Airlines will typically attempt to tackle the side of the market that poses the greatest opportunity. For some airlines, that could mean establishing a solid foundation of trans-Atlantic routes that expose the airline to lucrative business class fares and freight opportunities, whereas for other airlines, establishing a strong domestic network of routes at a competitive rate can yield its own success.
When it comes to WestJet however, the company is trying to cater to both ends of the market, and despite the obvious risk, there is a lucrative investment opportunity within that strategy.
On the one hand, WestJet’s now established international service is attracting more customers than ever before, thanks both to the airlines larger network and the fact that WestJet no longer needs to hand off customers to another carrier for international travel; those connecting passengers can now stay on WestJet’s network. Adding to that appeal is the fact that international routes are serviced by larger aircraft, fielding more passengers and freight than the smaller domestic routes could ever carry.

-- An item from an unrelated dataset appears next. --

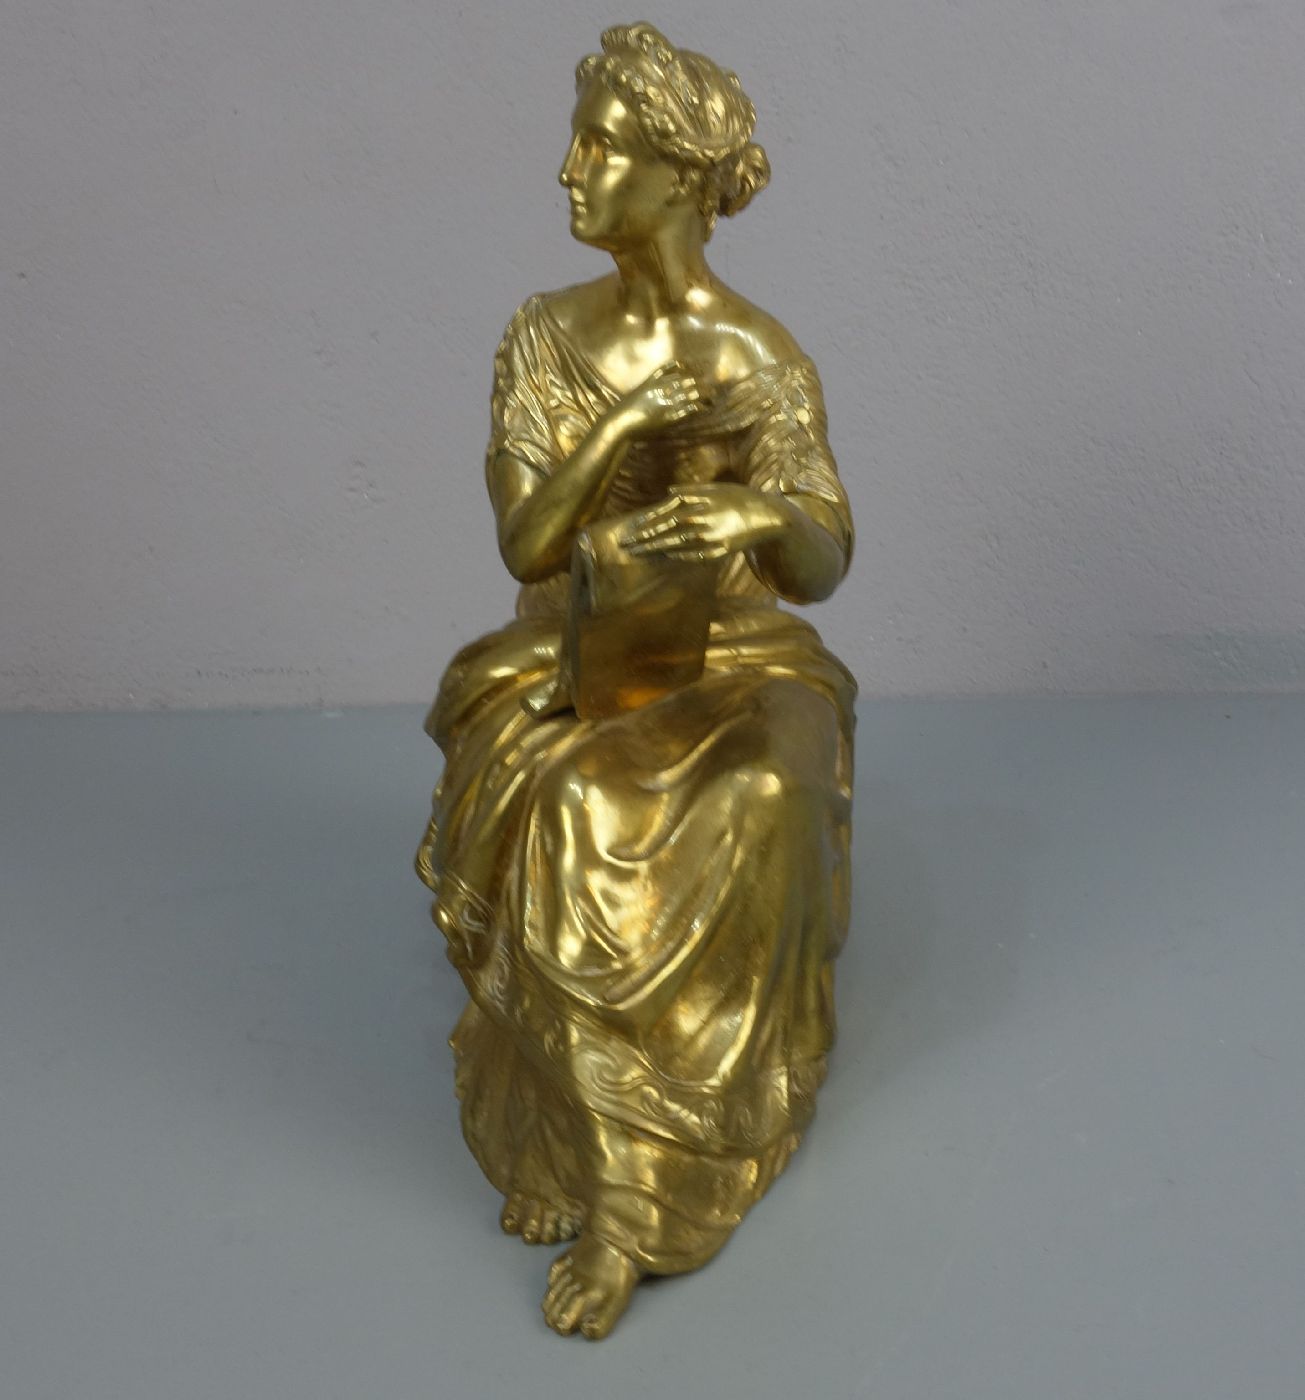 HOULET (französischer Bildhauer des 19. Jh.), Skulptur / sculpture: "Allegorie der Lyrik", Bronze - - Image 2 of 4

Finally, there’s the introduction of premium service. WestJet has always been regarded as a discount carrier, but with the rollout of WestJet’s new 787 Dreamliner fleet, the company is introducing a premium class for passengers that features expanded meal service, and larger seats that fully recline into flat-beds. The concept must be proving successful. as WestJet saw premium fares witness a whopping 70% increase year-over-year in the most recent quarter.
On the other hand, WestJet’s venture into the bottom end of the market, specifically launching its ULCC, Swoop also has potential. ULCCs typically offer bare-bones pricing and few amenities to passengers, allowing them to buy whatever items or preferences they desire onboard. Part of that low-price structure also calls for the carrier to operate out of second-tier airports where fees are lower, such as flying out of Hamilton instead of Toronto, or Abbotsford instead of Vancouver.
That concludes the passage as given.